Chapter 32: A FEATHER IN KIGALI
Where the Wind Smelled of Ash and Hope
The plane touched down with a soft shudder, wheels dragging across the tarmac of Kigali International Airport. The skies outside were pale, cloudless, but heavy as if the land beneath held stories too old to be spoken.
Nishanth didn’t look out the window. He had already memorized the country’s history, but it wasn’t facts he had come here for. It was feeling.
He walked through the glass terminal quietly, unnoticed. No fans. No journalists. No system chirp. Just a man with no luggage, a brown canvas sling bag, and eyes that had seen too much to be impressed by immigration lines.
A security officer waved him through with a simple glance and a stamp. Rwanda didn’t demand explanations. It welcomed those who walked with stillness. The country had seen war, grief, genocide — the kind that rips a soul apart and leaves silence where music once lived. But somehow, it had rebuilt. From ash. From mass graves. From forgiveness.
And maybe that was why Nishanth came.
Not to fix.But to feel what survival without power looked like.
The first breath he took outside the airport was sweet — unusually clean. The streets of Kigali were quiet, polished, almost over-disciplined. No horns. No chaos. No vendors yelling over each other.

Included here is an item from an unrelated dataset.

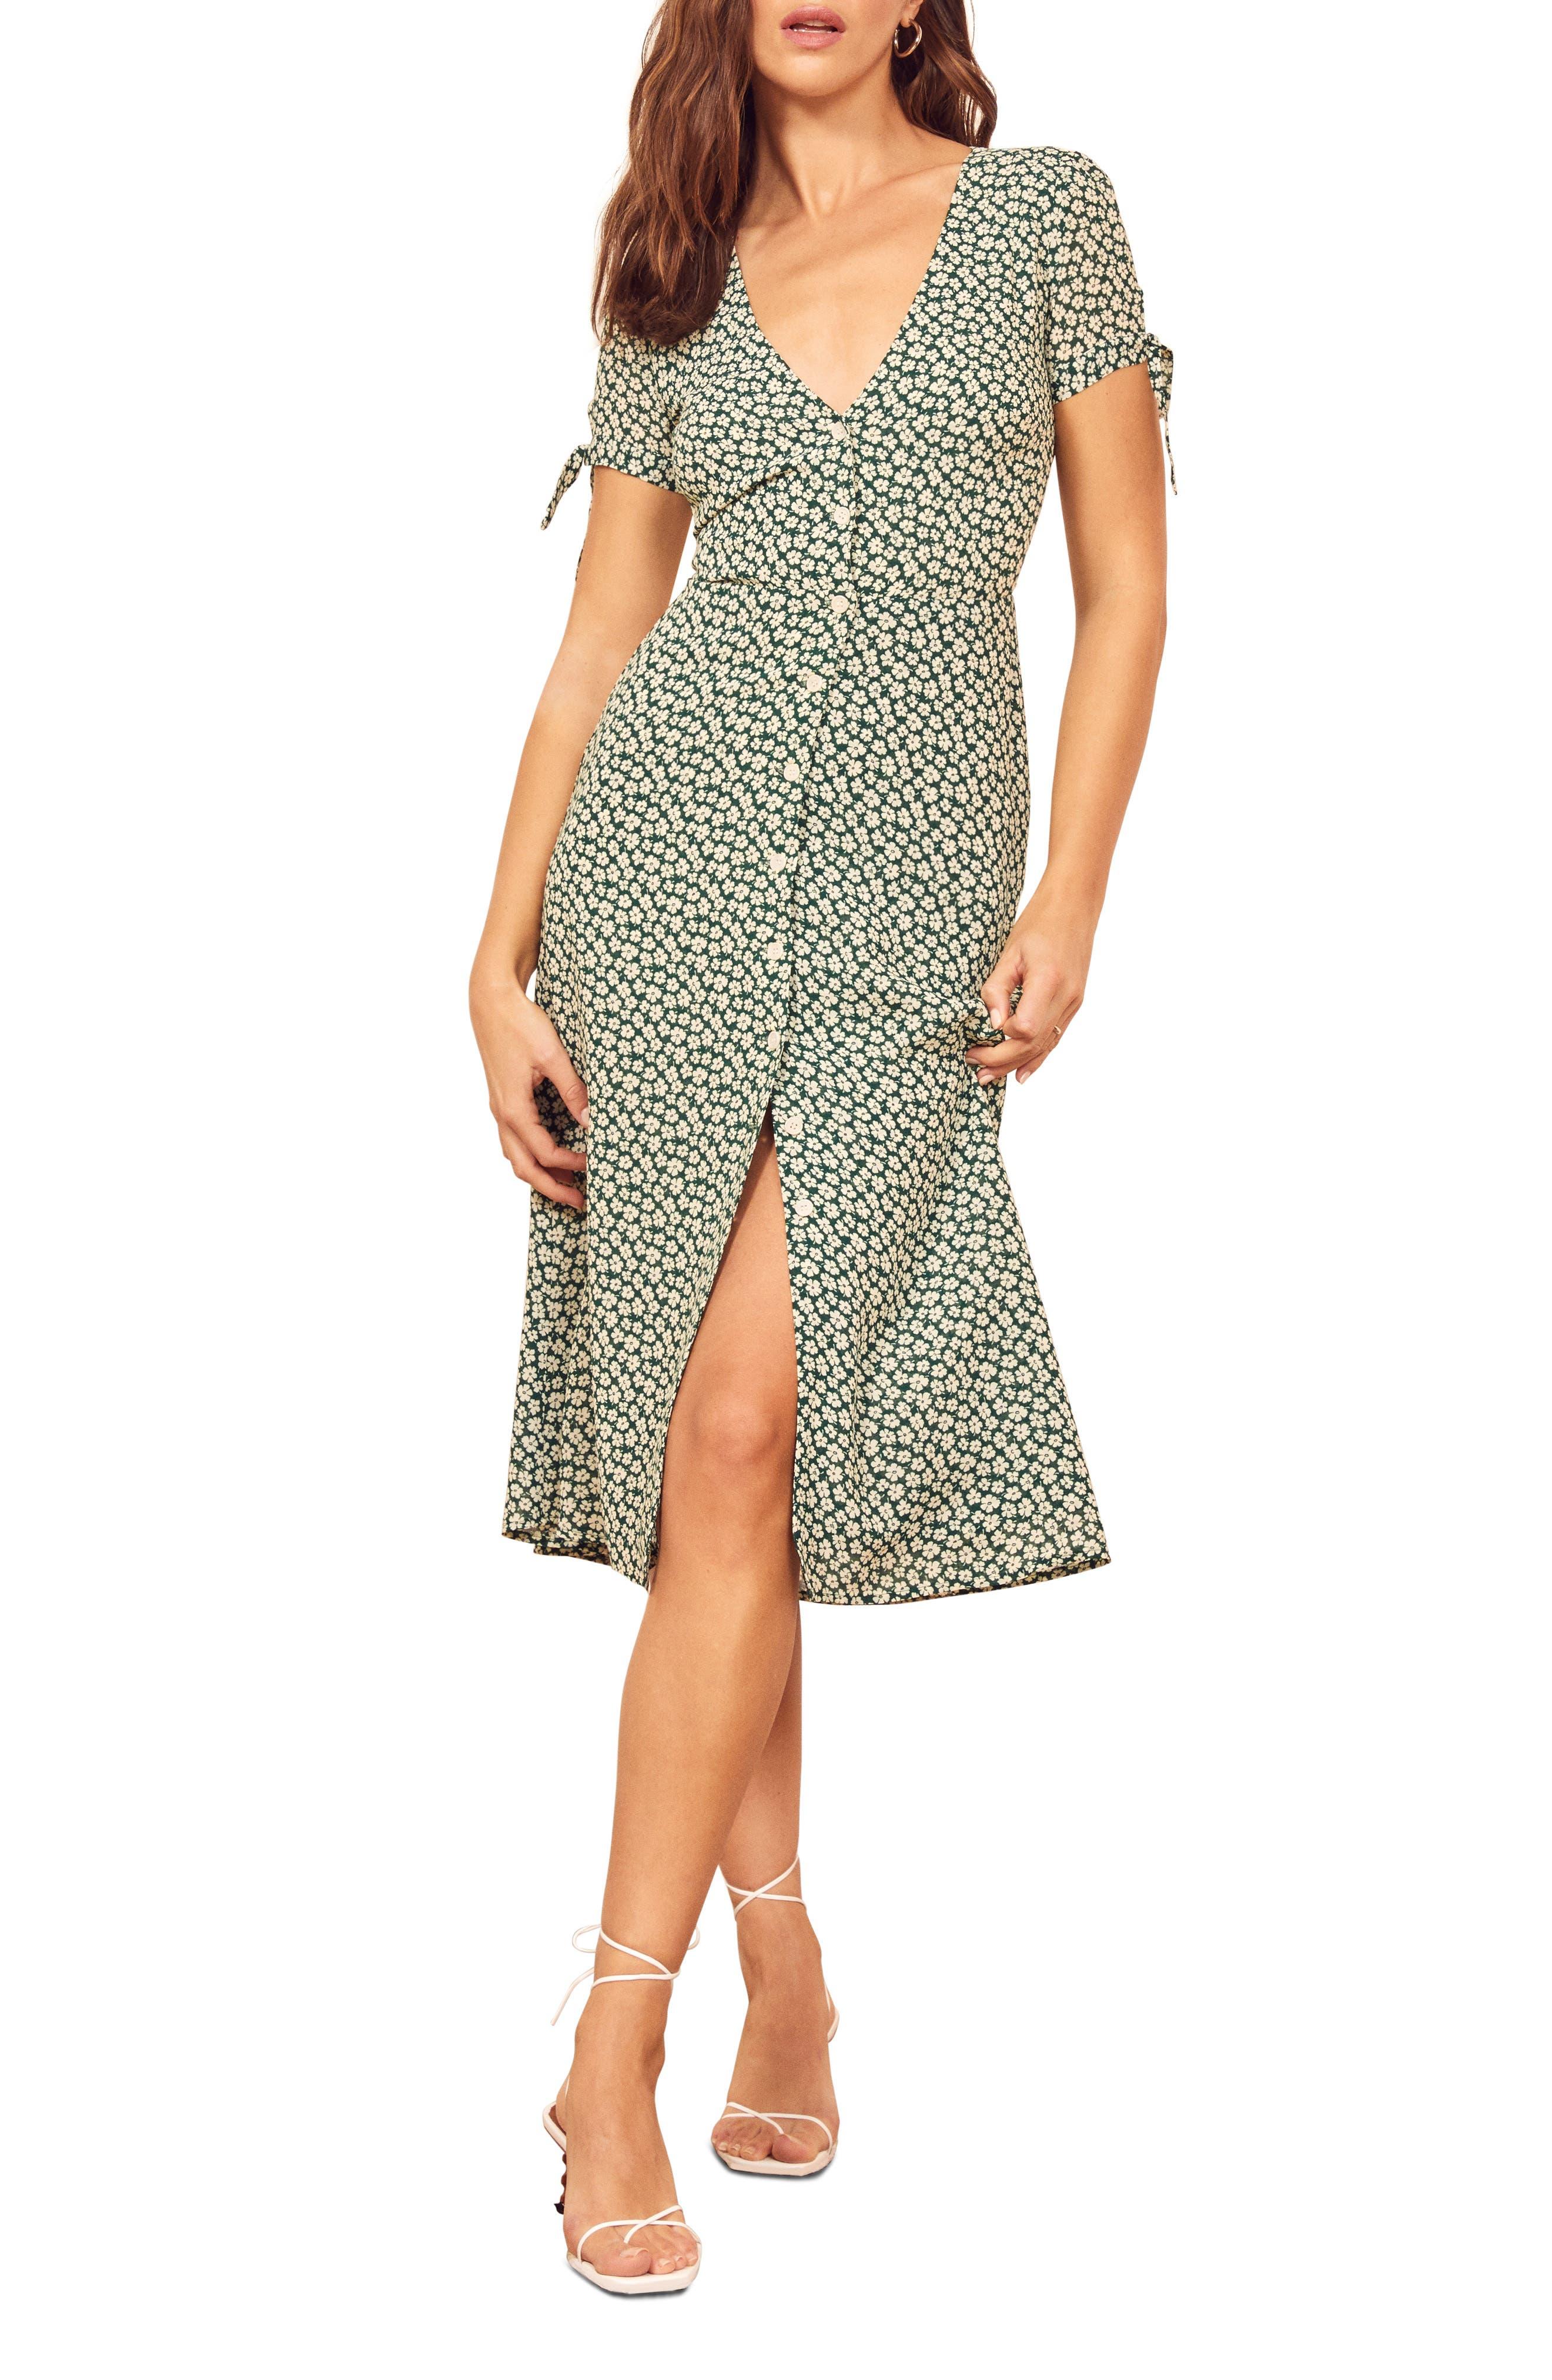 Reformation Rosalinda Floral Tie Sleeve Dress, Green

Rwanda was one of Africa’s safest, cleanest countries, despite its tragic past. The capital reflected it. Buses ran on time. People queued patiently. No plastic bags were allowed in the country at all.
But the discipline hid something deeper — a silence that wasn’t peace. A silence that waited to be met.
Nishanth walked past a taxi stand and entered a small alley instead, choosing his path the way only he did intuitively. A rusted motorbike stood parked under a yellow tarp. A boy sat beside it, fixing the chain on a bicycle without tools. His fingers were bloody, his hands shaking, but he worked without complaint.